▶ What is being asked
Could you copy exactly the lines below from the one with "Carrera Solidaria por" to the one with "Not Today, Satan Art Work", inclusive, leaving out any pictures?

▶ Working data
******
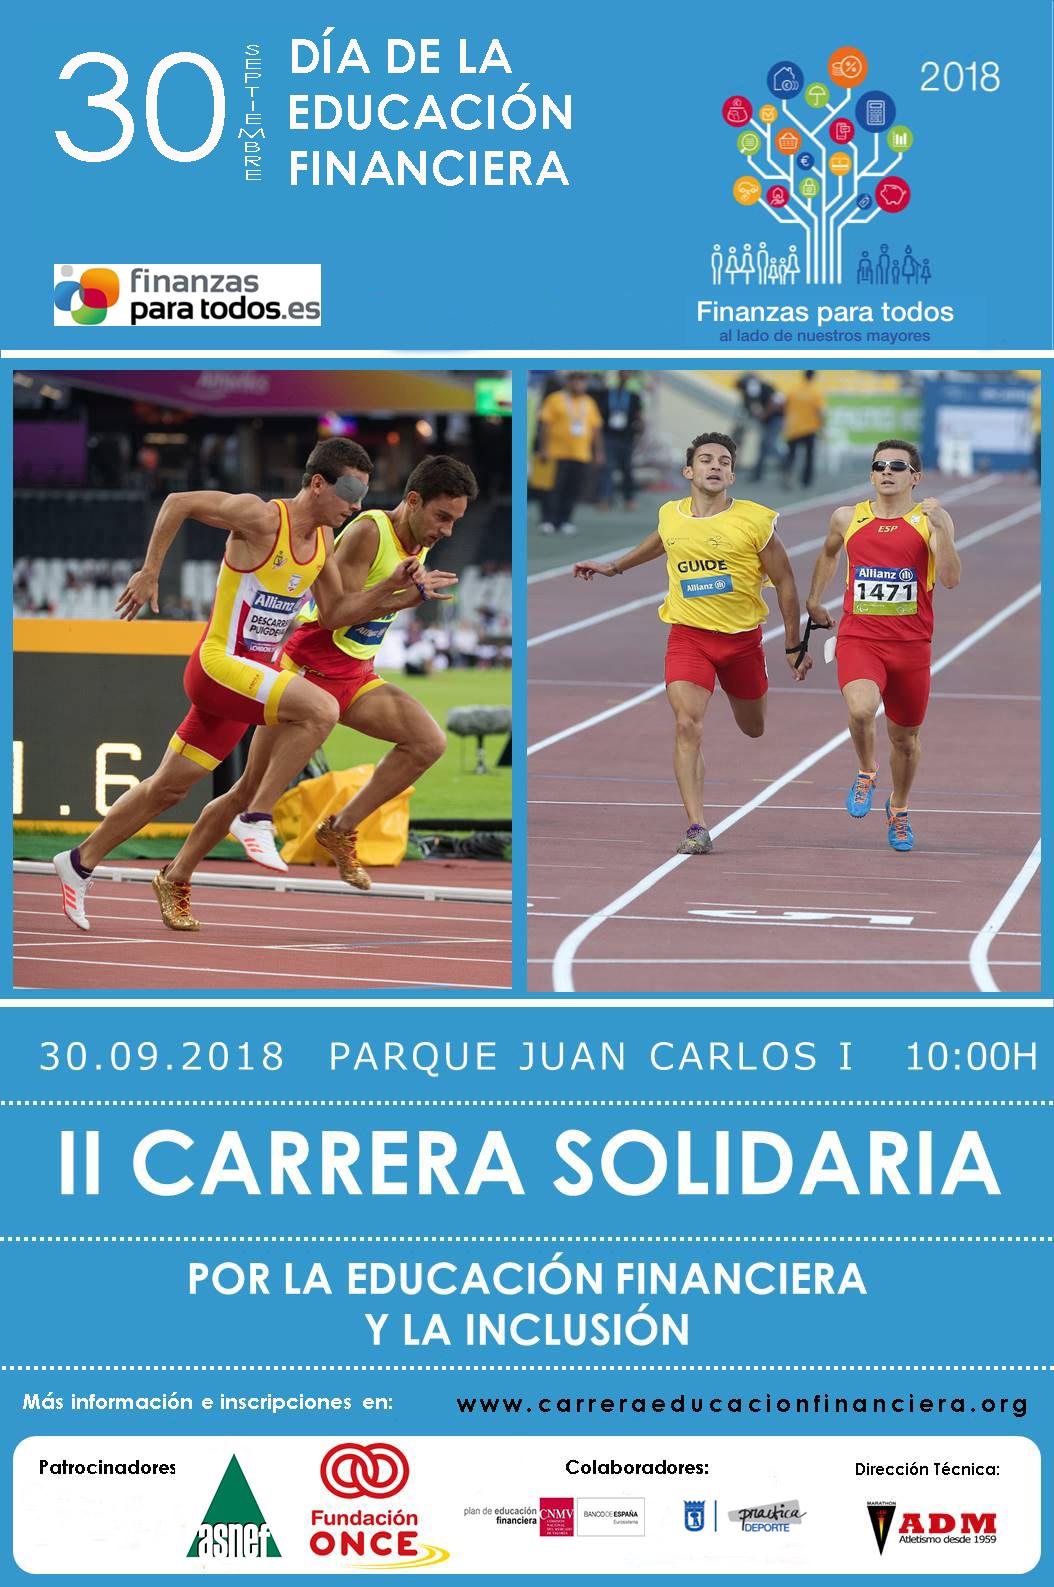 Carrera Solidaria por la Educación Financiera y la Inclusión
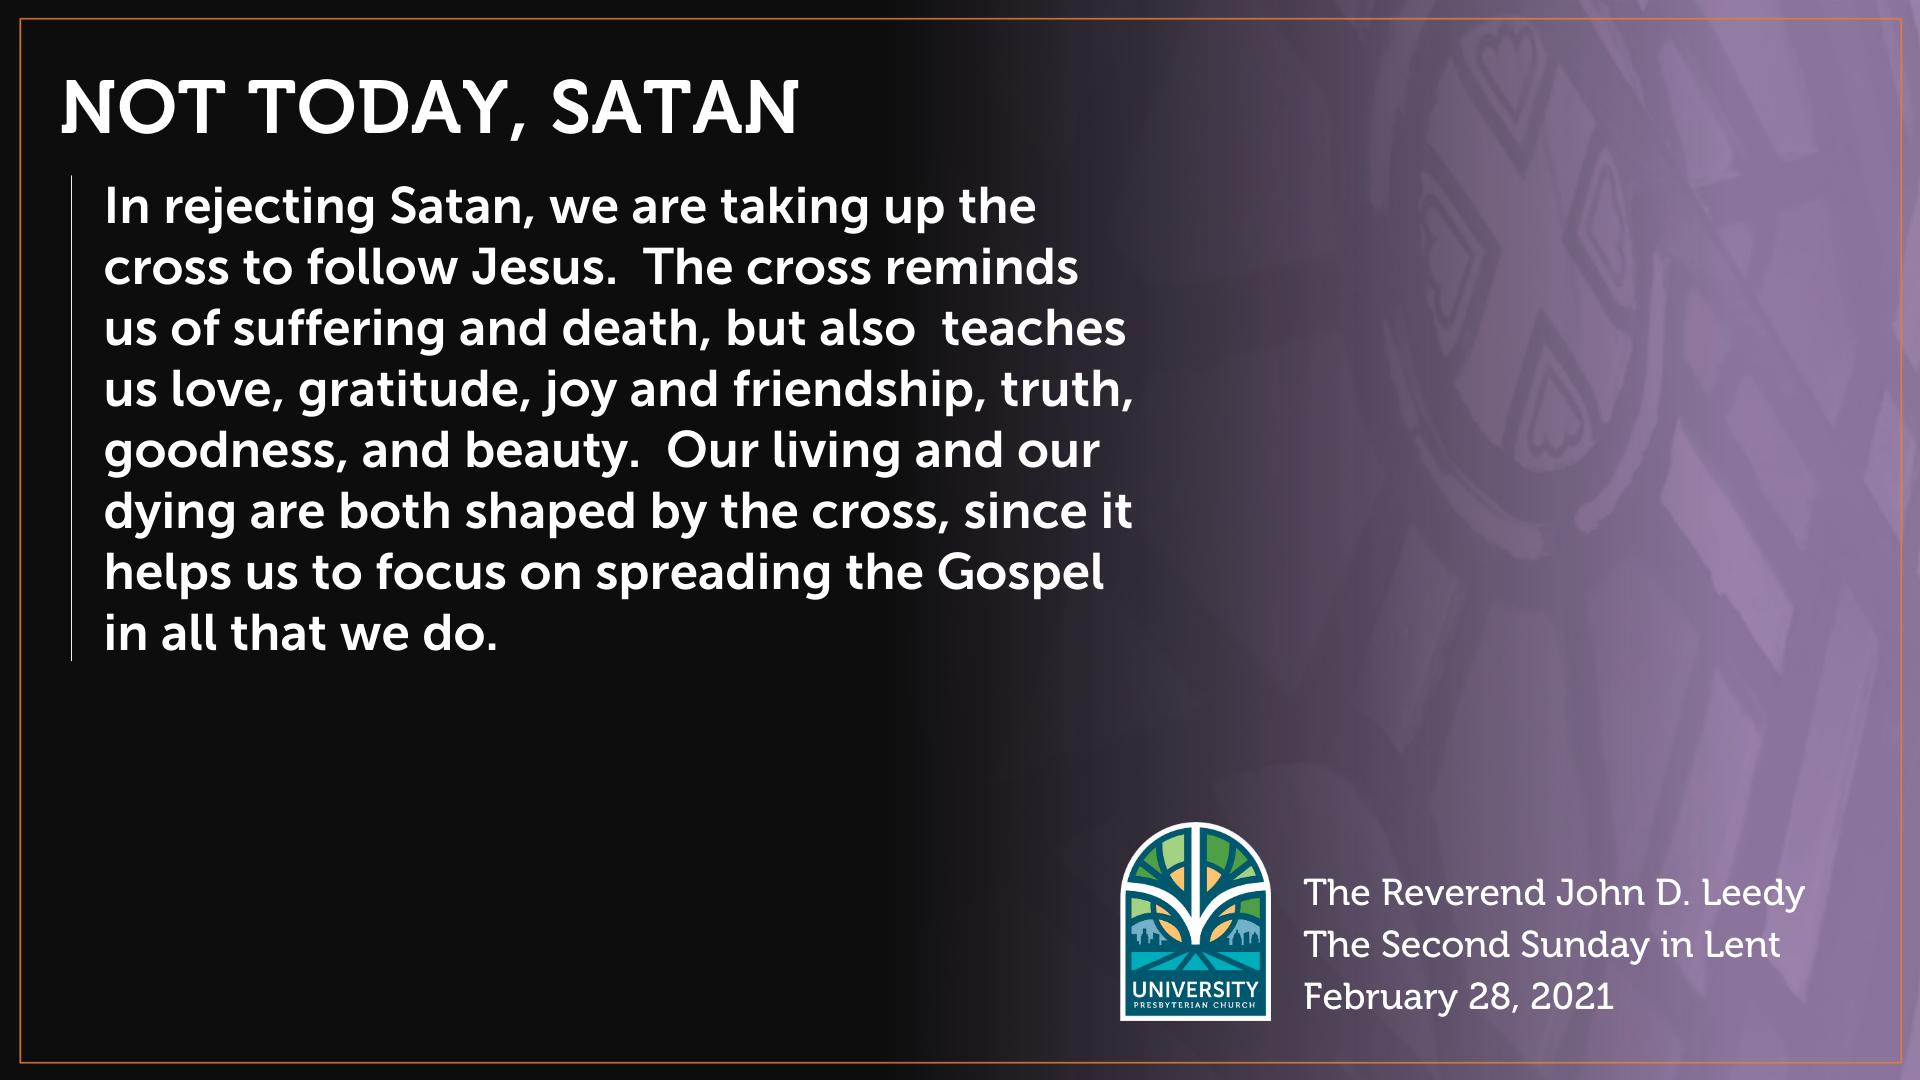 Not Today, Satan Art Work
******
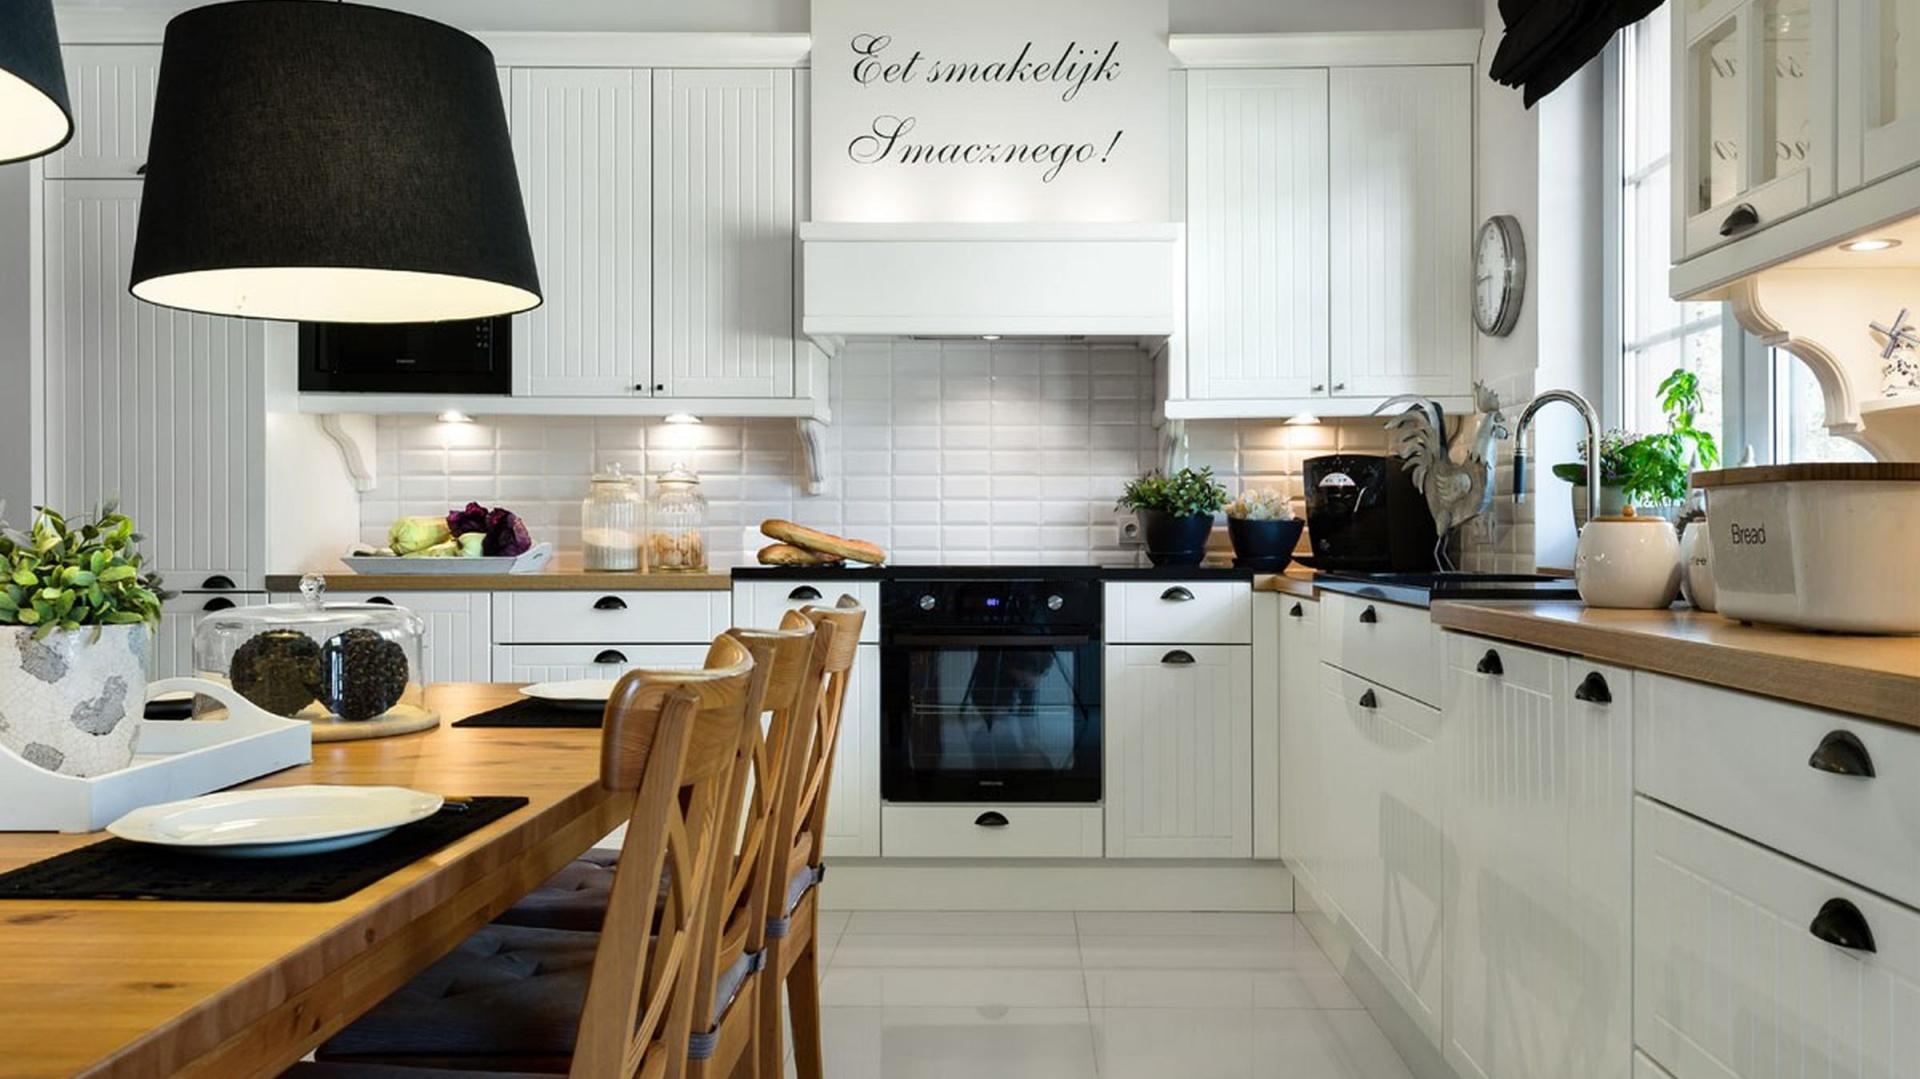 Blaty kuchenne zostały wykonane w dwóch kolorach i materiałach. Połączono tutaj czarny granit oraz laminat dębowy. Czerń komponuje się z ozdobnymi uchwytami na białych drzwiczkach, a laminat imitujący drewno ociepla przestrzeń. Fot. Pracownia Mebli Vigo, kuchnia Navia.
******
▶ Result of this exercise
 Carrera Solidaria por la Educación Financiera y la Inclusión
 Not Today, Satan Art Work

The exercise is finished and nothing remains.